<<<<

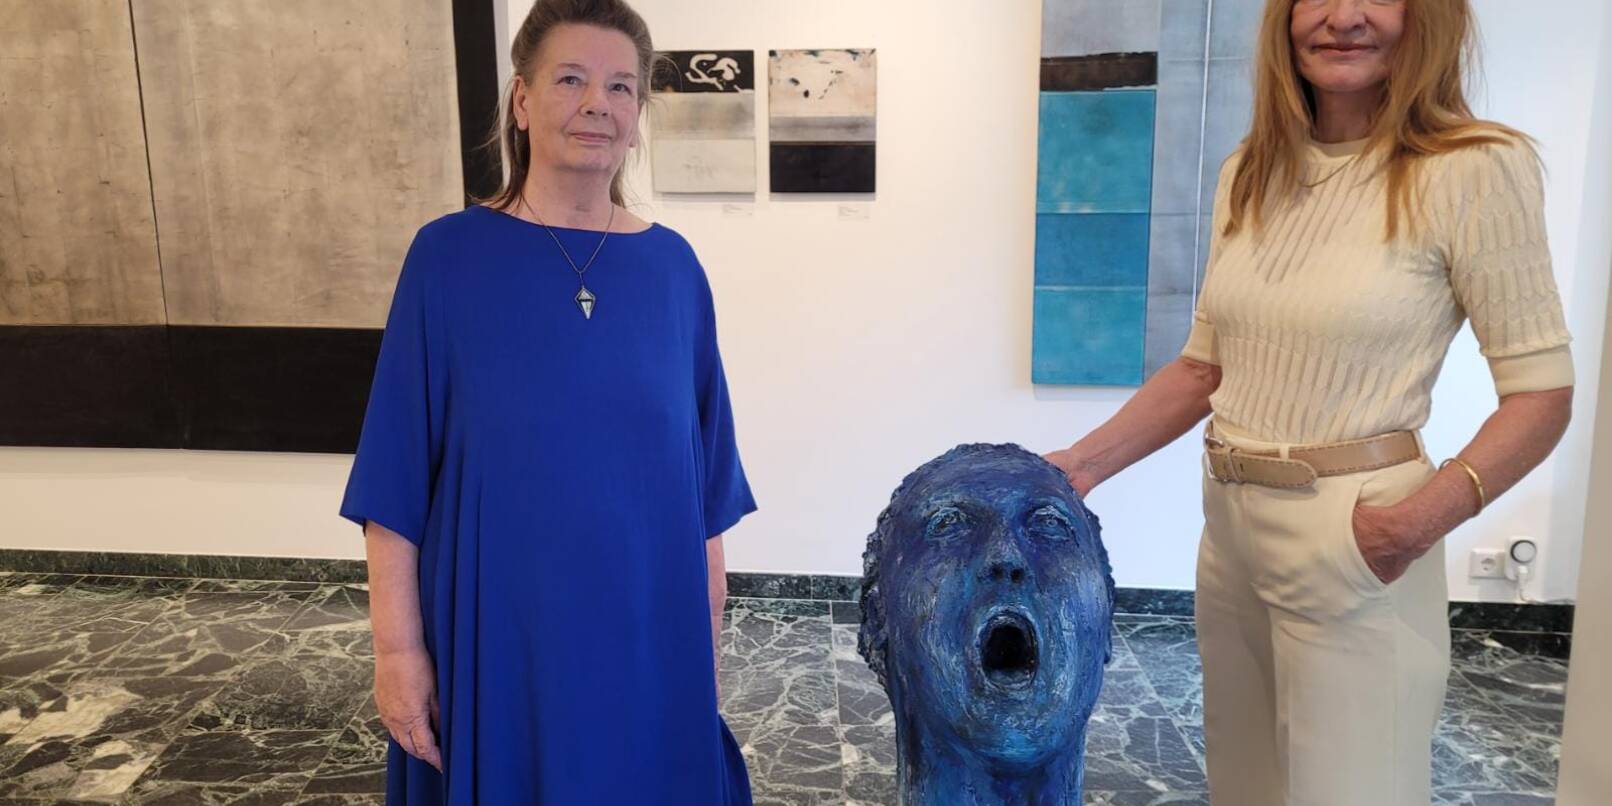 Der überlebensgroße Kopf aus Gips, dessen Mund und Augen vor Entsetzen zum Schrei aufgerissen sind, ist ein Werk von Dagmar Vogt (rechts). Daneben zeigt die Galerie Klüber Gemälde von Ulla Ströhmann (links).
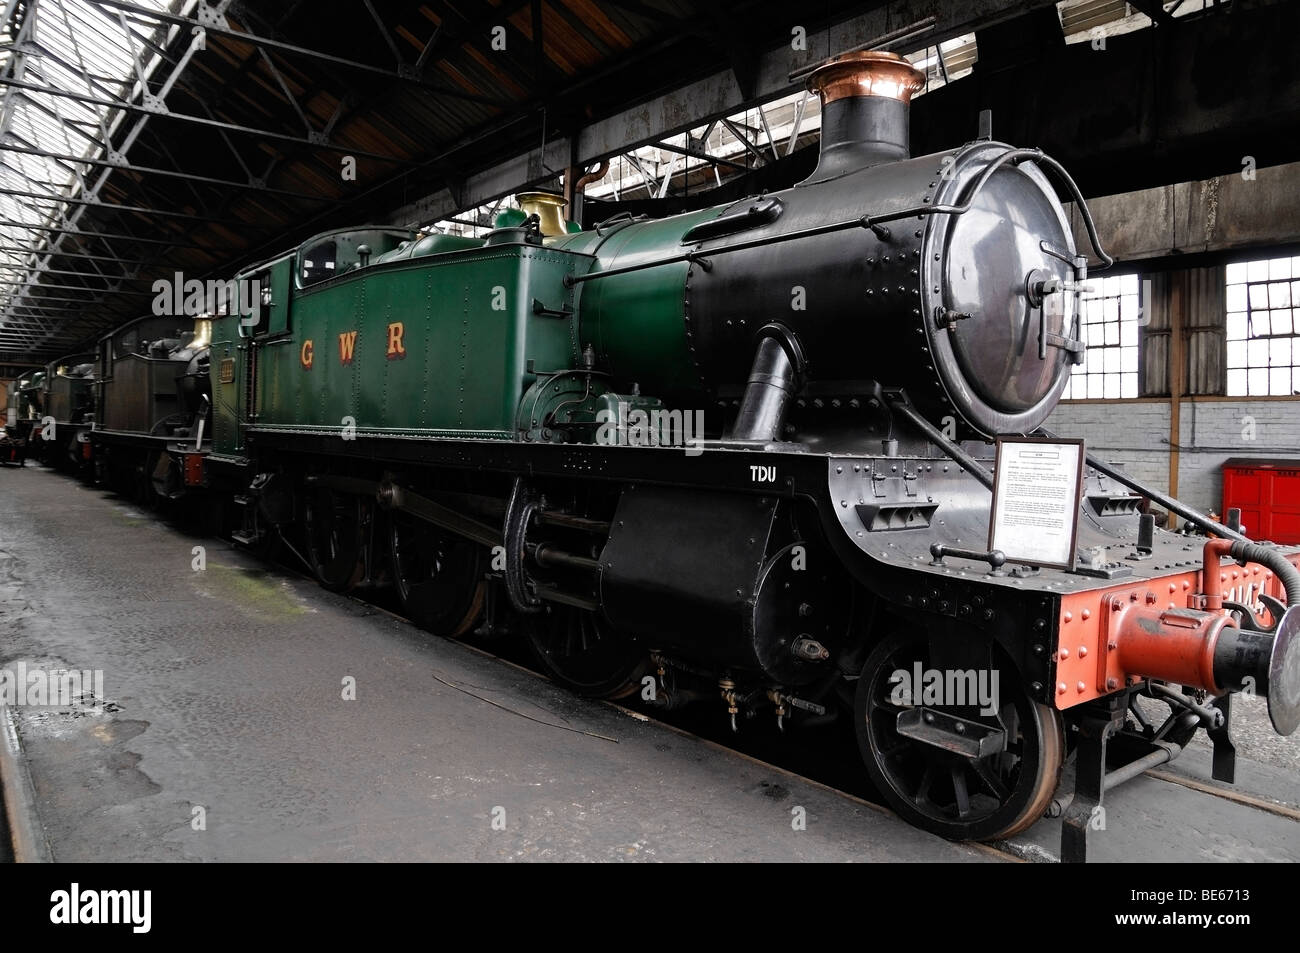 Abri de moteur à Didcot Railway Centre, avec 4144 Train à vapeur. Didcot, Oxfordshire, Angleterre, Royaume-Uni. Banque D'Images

>>>>
<<<<

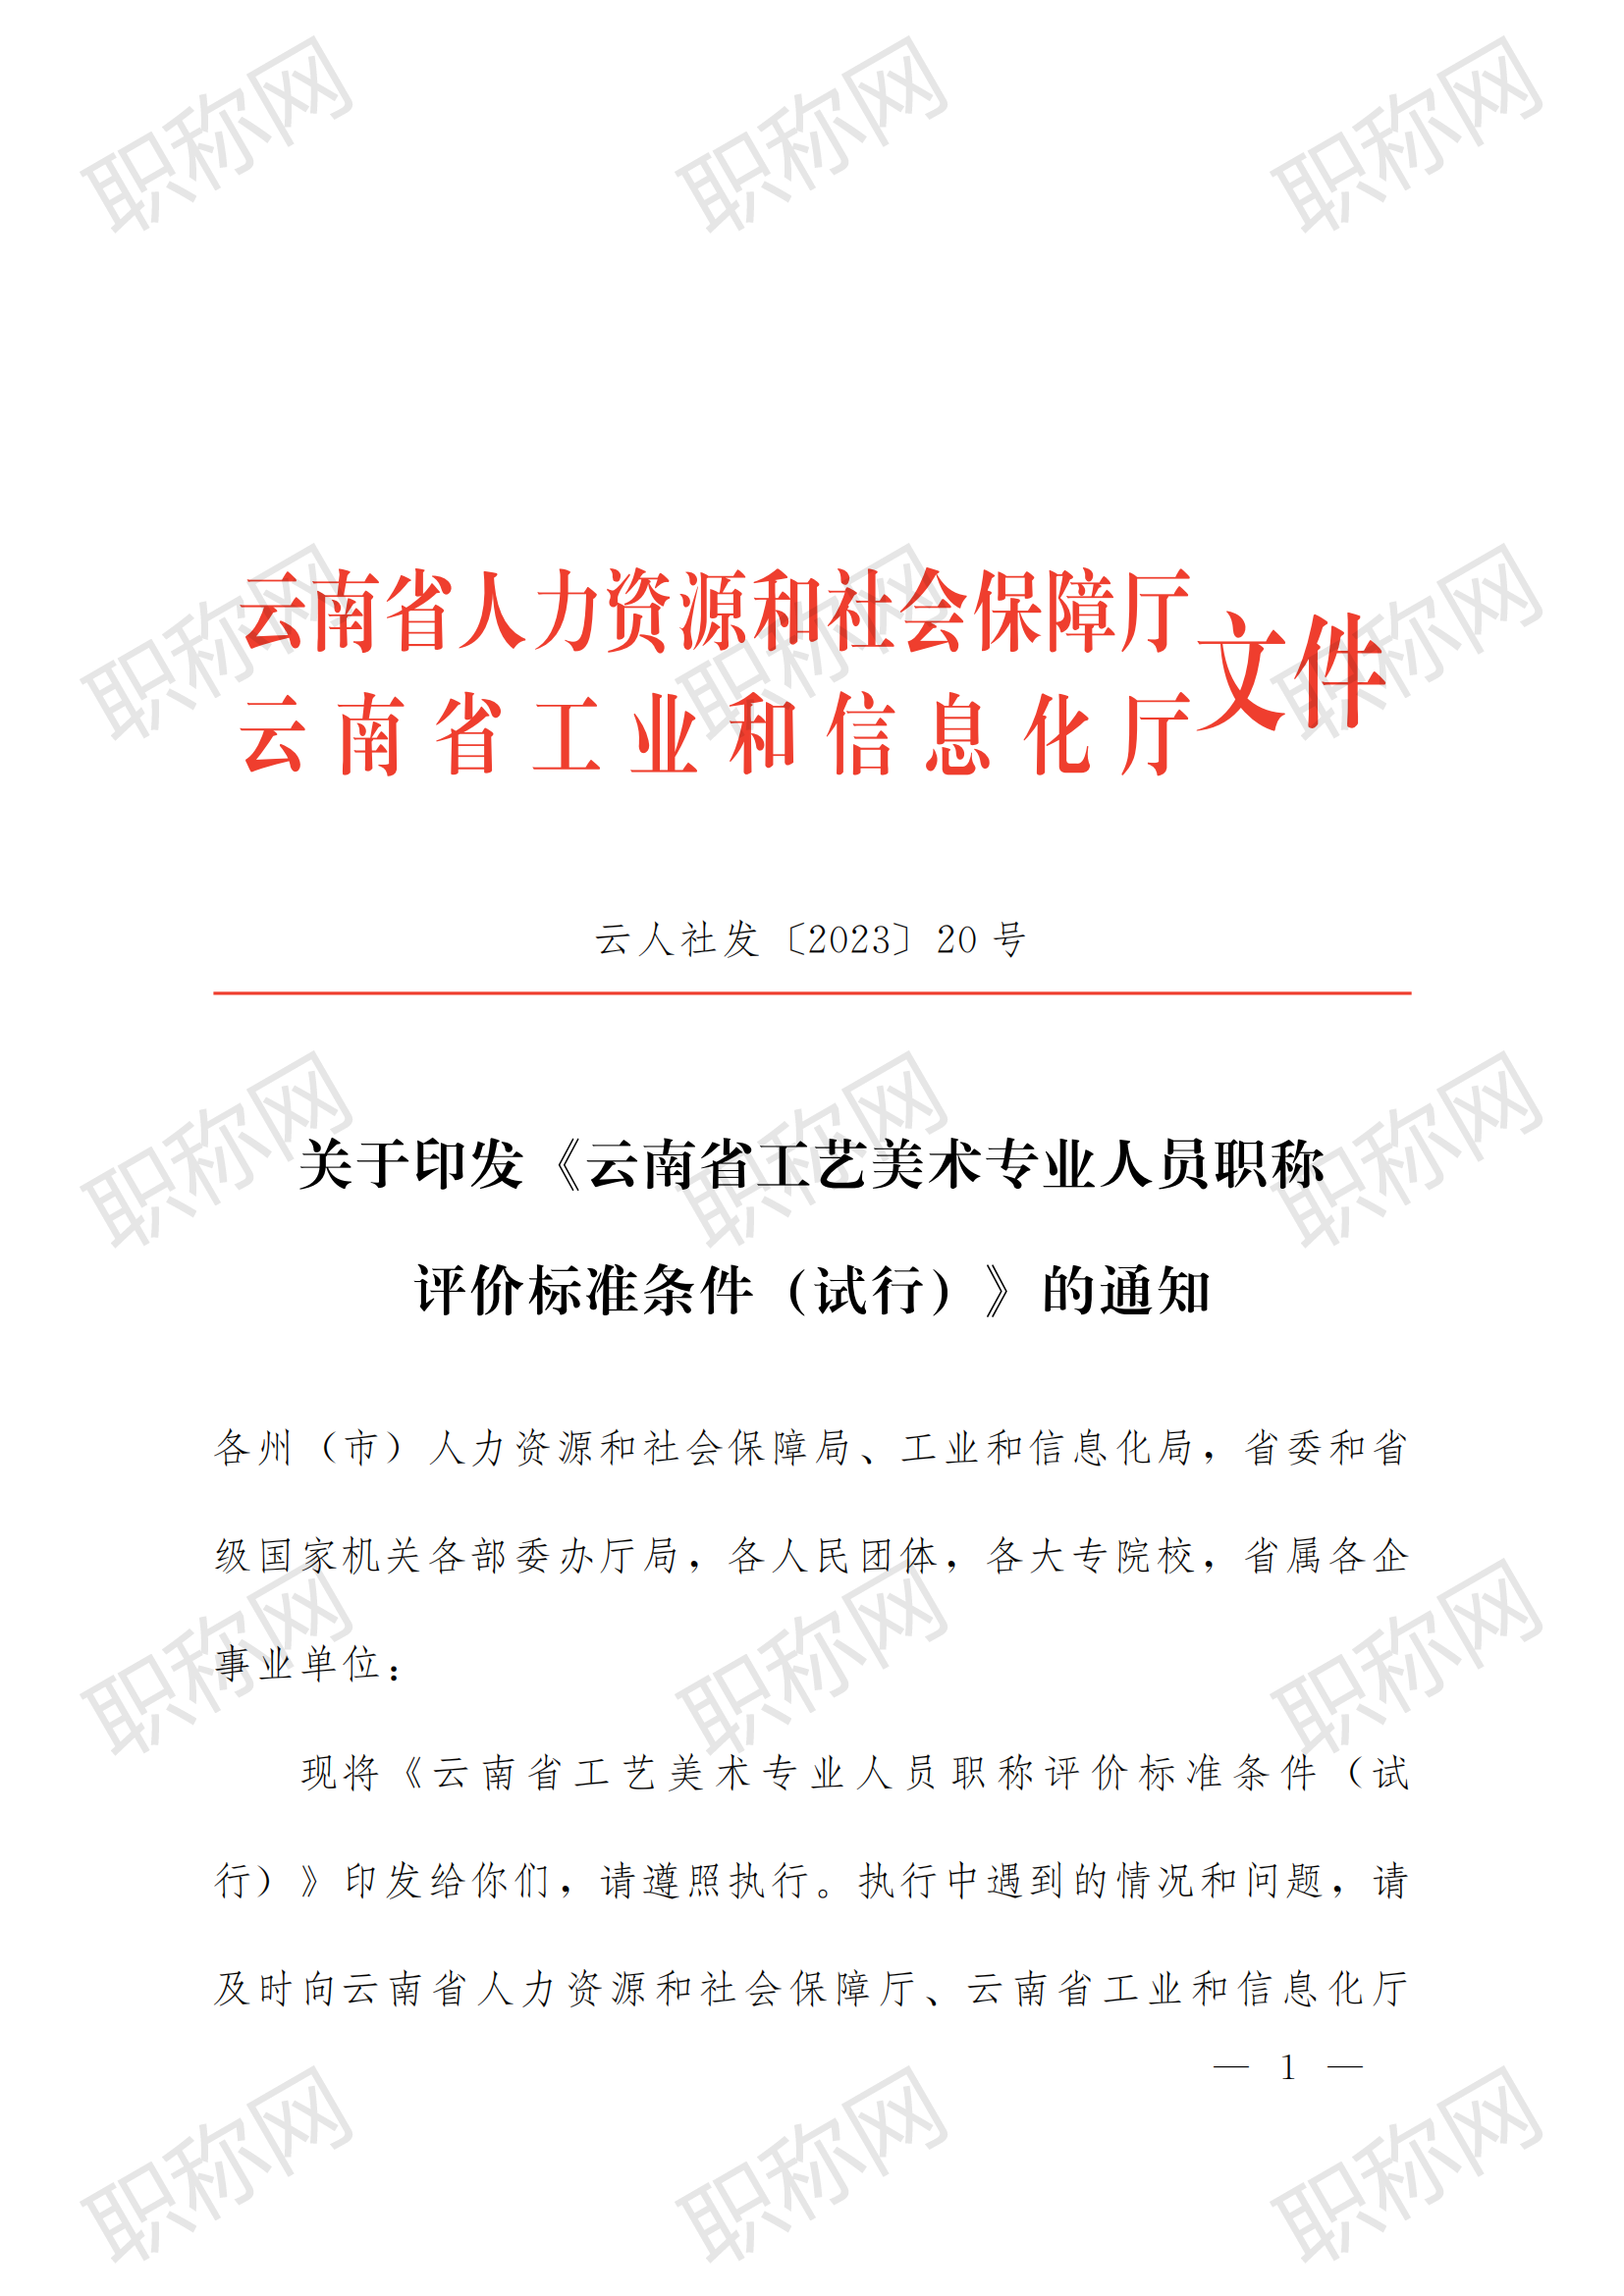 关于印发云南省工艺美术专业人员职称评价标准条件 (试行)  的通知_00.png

>>>>

### PROBLEM DESCRIPTION
Would you copy out, exactly and with no pictures, only the lines above from the one that contains "Der überlebensgroße Kopf" through the one that contains "Abri de moteur"?

### OUTPUT FOR THIS TASK
 Der überlebensgroße Kopf aus Gips, dessen Mund und Augen vor Entsetzen zum Schrei aufgerissen sind, ist ein Werk von Dagmar Vogt (rechts). Daneben zeigt die Galerie Klüber Gemälde von Ulla Ströhmann (links).
 Abri de moteur à Didcot Railway Centre, avec 4144 Train à vapeur. Didcot, Oxfordshire, Angleterre, Royaume-Uni. Banque D'Images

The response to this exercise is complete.